In the face of this, some unsold units at our completed developments will be rented to enable revenue to be generated as we remain reluctant to reduce sales prices for these remaining units.
The marketing of the 24 houses at Victoria Road, Eccleshill will commence in April 2024 as we enter the final months of the project. Sales will be to the local market.
We are working hard to diversify and thereby increase our pipeline of new development opportunities. The process involves a substantial investment of time as we thoroughly assess a considerable array of new opportunities of a diverse nature designed to ensure the long-term success and resilience of our company.
One significant stride in this direction has been our entry into new build housing with the Victoria Road, Eccleshill project, commencement of which marks our initial step towards diversification into new build housing.

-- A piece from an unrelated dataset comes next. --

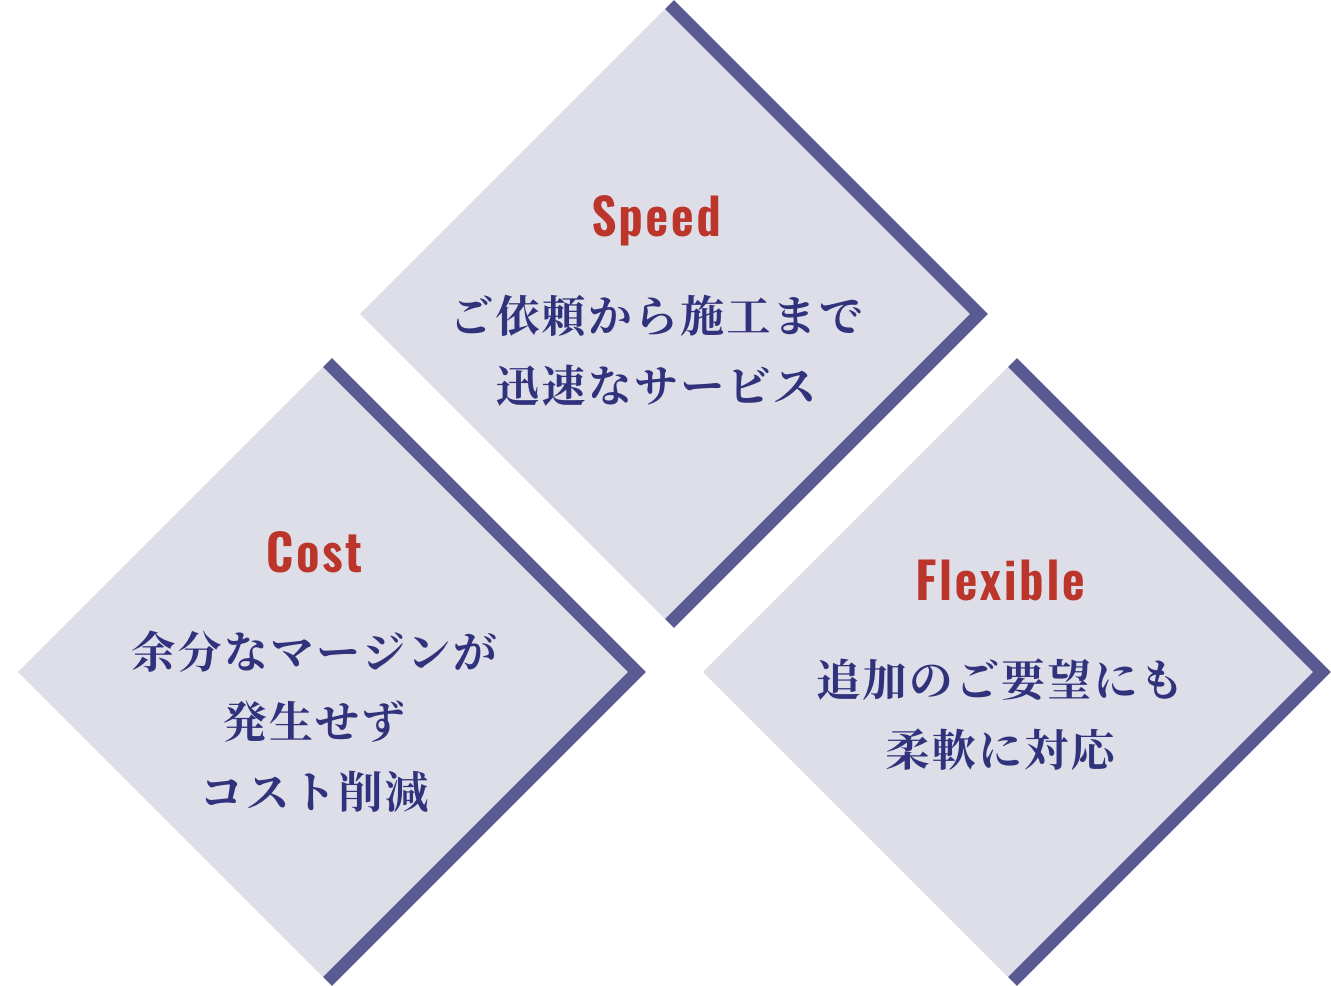 Speed ご依頼から施工まで迅速なサービス Cost 余分なマージンが発生せずコスト削減 Flexible 追加のご要望にも柔軟に対応

While our move into new build housing serves to broaden our offer and provides us with a more balanced and diversified portfolio, we remain committed to our core product of City Centre apartments. Our brand will expand to incorporate this strategic adjustment as we define a ‘One Heritage City Centre Living’ brand for our apartments, and a ‘One Heritage Homes’ brand for our new build family homes.
Development management
In July 2023, we signed a construction contract at One Victoria which secures the Company 2% of ongoing total development costs payable over the anticipated development period. These fees are running in the region of £20,000 per month until practical completion in Q2 2025. The Company will also be entitled to 15% of the net profit generated, which will be distributed following the legal completion of the sales for all units.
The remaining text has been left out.